Усовершенствованная физическая модель и методы расчета для задачи переноса излучения при нарушениях локального термодинамического равновесия опубликованы в работах [66, 67]. Рассмотрены колебательные состояния и заселенность уровней в молекулярных полосах CO2 и CO в ближнем инфракрасном диапазоне (1–5 мкм) в дневной атмосфере Марса.

Хотя марсианская мезосфера и термосфера, область выше примерно 60 км, не является основной целью миссии ExoMars 2016 г., Trace Gas Orbiter (TGO), будет ее исследовать и может ответить на многие важные вопросы [68].

3.4. Проект ExoMars

Значительное продвижение в понимании атмосферы, климата и метеорологии Марса ожидается с приходом данных проекта ESA и Роскосмоса ExoMars. Первая часть проекта – спутник Trace Gas Orbiter (TGO), запущенный российским ракетой-носителем “Протон” в 2016 г., вышла на окончательную научную орбиту в марте 2018 г и проводит полномасштабные научные наблюдения с 21 апреля 2018 г. Орбита спутника оптимизирована для исследований атмосферы и климата: почти на каждом витке она позволяет проводить наблюдения солнечных затенений, обеспечивая наиболее чувствительное зондирование малых атмосферных составляющих. Надирные треки позволяют проводить систематические наблюдения при различном местном времени. Полный обзор по местному времени требует 60 дней. Два из четырех приборов спутника, российский ACS [69, 70] и европейский NOMAD [7173], предназначены для измерения малых составляющих атмосферы и мониторинга основных климатических параметров. Два прибора провели поиск малых атмосферных газов и наблюдали глобальную пыльную бурю 2018 г., и региональную пыльную бурю в начале 2019 г.

ExoMars 2020, вторая часть проекта, состоит из ровера-марсохода Розалинд Франклин и неподвижной посадочной платформы. В научный комплекс стационарной посадочной платформы со сроком службы не менее одного марсианского года входит ряд приборов для метеорологических и атмосферных исследований [74]. Полномасштабный метеорологический комплекс, опирающийся на предыдущие разработки [75, 76], по состоянию на сентябрь 2019 г. находится в процессе изготовления. Планируется, что комплекс позволит провести измерения атмосферного профиля во время спуска десантного аппарата. Марсоход ExoMars 2020 [77] также несет ряд приборов, которые будут давать информацию, связанную с метеорологией Марса, напр. [78]. Изготовление марсохода и его научных приборов завершено; они проходят испытания.

4. ВНЕШНИЕ ПЛАНЕТЫ И ИХ СПУТНИКИ

Исследованиям атмосферой планет-гигантов посвящено лишь несколько работ с участием российских ученых.

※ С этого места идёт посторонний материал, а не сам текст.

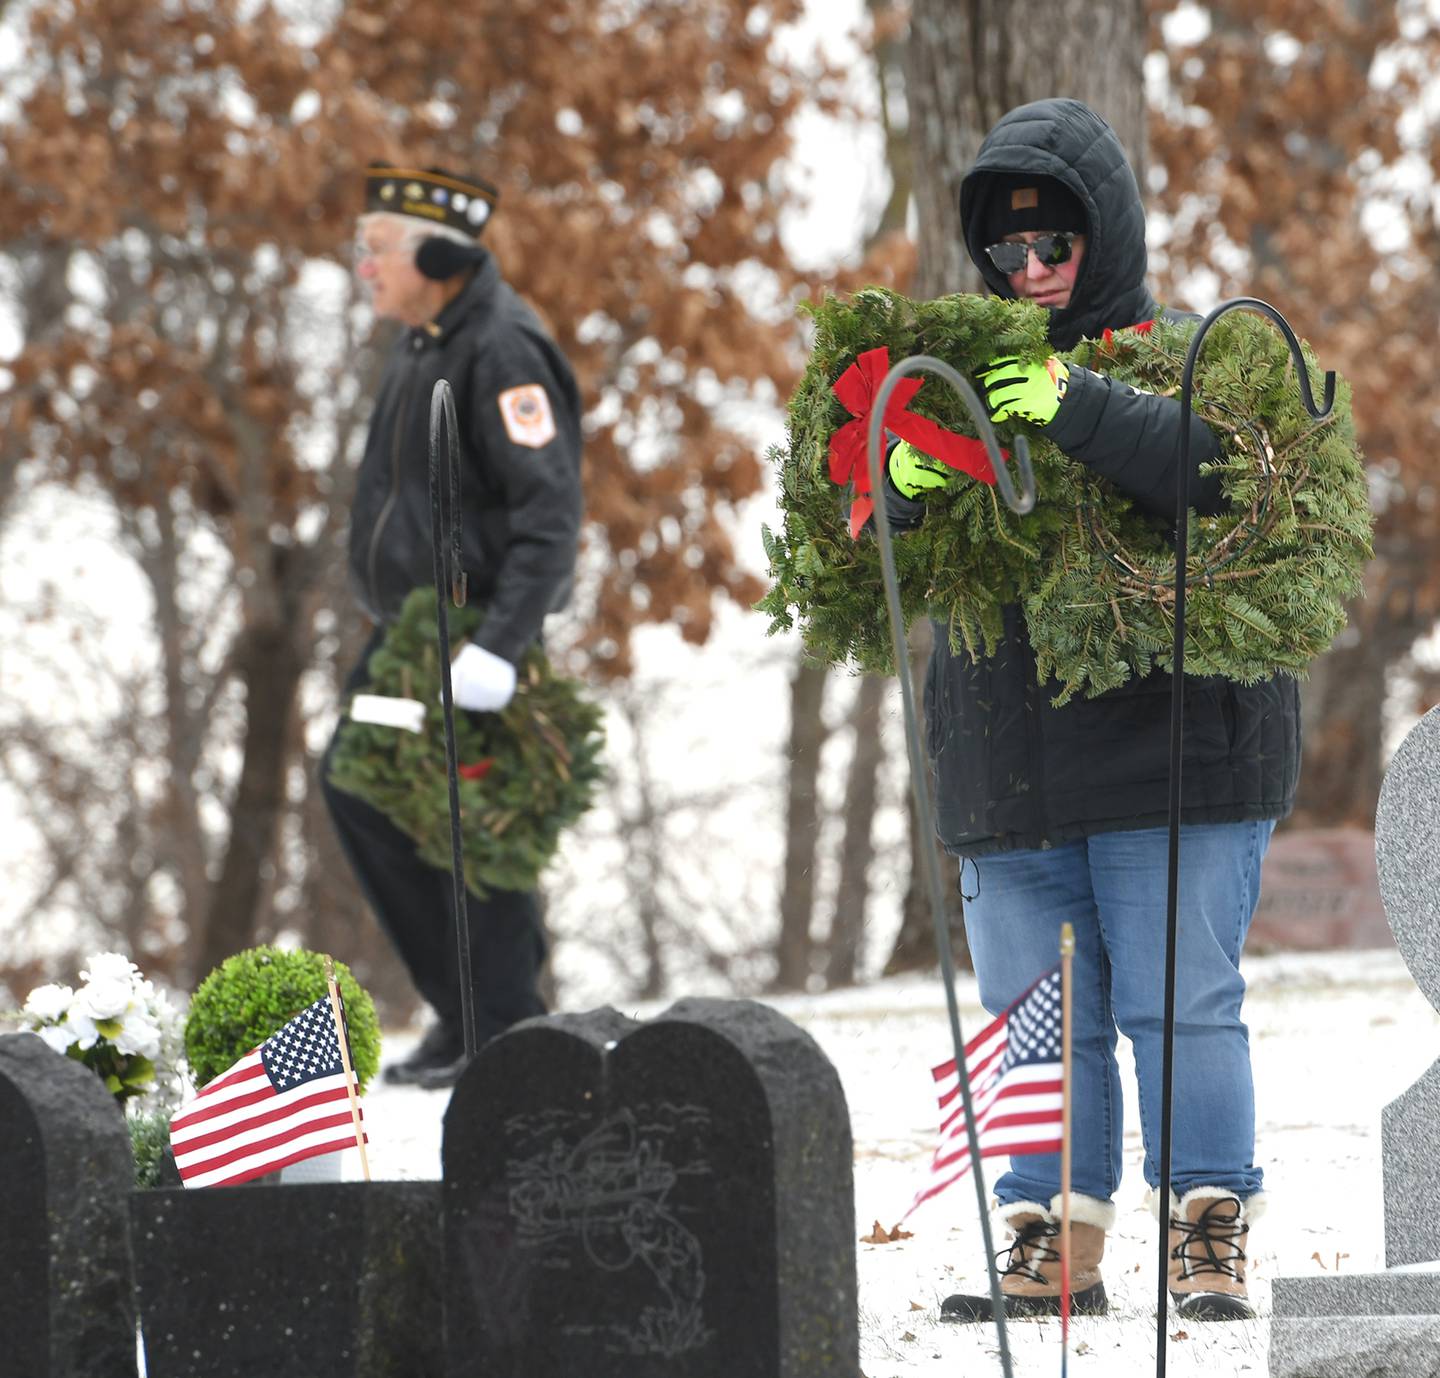 Anne Stevens of Oregpn places a wreath on a veteran's grave in Daysville Cemetery, southeast of Oregon, on Dec. 17, during the Wreaths Across America project. Stan Eden, also of Oregon, is shown in the background carrying one of the wreaths to another grave.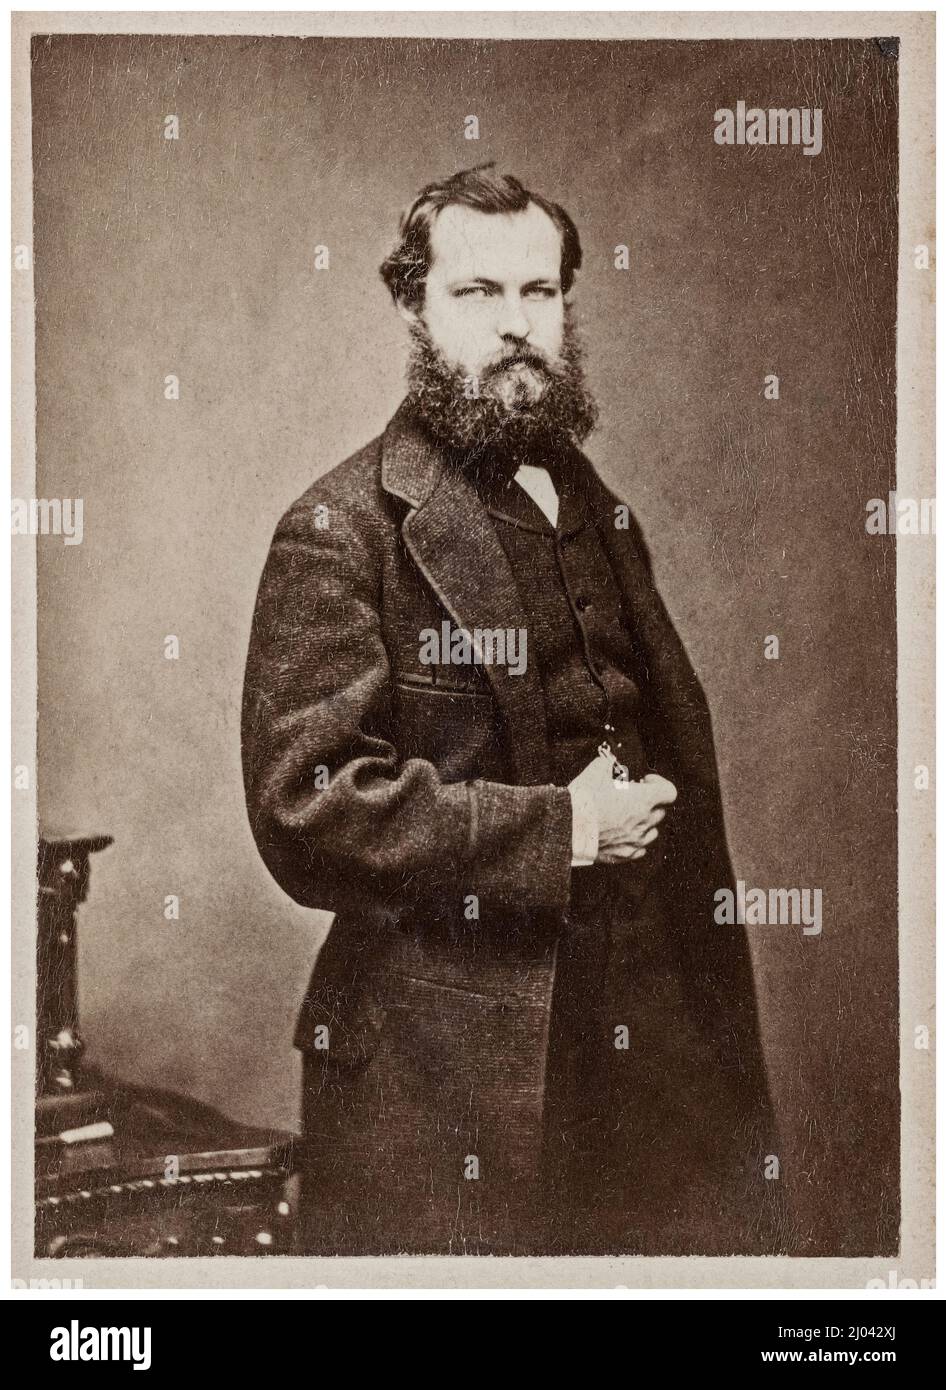 Prince Philippe of Orléans (1838-1894), Count of Paris, disputedly King of the French for two days from 24th to 26th February 1848 as Louis Philippe II, portrait photograph, 1860-1890 Stock Photo

Здесь мы ограничимся их перечислением. Это анализ данных миссии JUNO [79], критические замечания относительно интерпретации наблюдений атмосферы Плутона приборами проекта New Horizons [80], фотохимическое моделирование атмосферы Титана [81], исследование экзосфер Галилеевых спутников Юпитера [8284].

5. ЗАКЛЮЧЕНИЕ

Промежуток времени, который охватывает данный обзор, совпал с пиком интереса к исследованиям атмосферы Венеры. Комплексный подход к ряду задач позволяет сделать несколько обобщающих выводов:

1) По совокупности данных, наиболее вероятным кандидатом на роль “неизвестного УФ-поглотителя” в облачном слое Венеры следует признать хлорное железо FeCl3. Его наличие объясняет отражательную способностью Венеры в синей и ближней УФ-областях спектра, высотный профиль первой моды аэрозоля в среднем и нижнем облачных слоях, а также объясняет уменьшение поглощения в ближней УФ-области ниже 60 км. Это соединение было обнаружено прямым методом рентгеновской флуоресцентной спектроскопии. Хлорное железо хорошо смачивается и обволакивается серной кислотой, образуя сферические частицы. Сферичность частиц верхнего облачного слоя подтверждается формой индикатрисы рассеяния. Кинетическое моделирование дает соотношение 1 : 100 по массе между FeCl3 и серной кислотой в верхнем облачном слое, что соответствует наблюдаемому альбедо в ближней УФ-области. Также удовлетворяют этой пропорции размеры частиц мод 1 и 2. Другой часто упоминаемый кандидат на роль УФ-поглотителя, аэрозоль серы, не смачивается серной кислотой, а его содержание в верхнем облачном слое, по данным кинетического моделирования, недостаточно для объяснения УФ-поглотителя.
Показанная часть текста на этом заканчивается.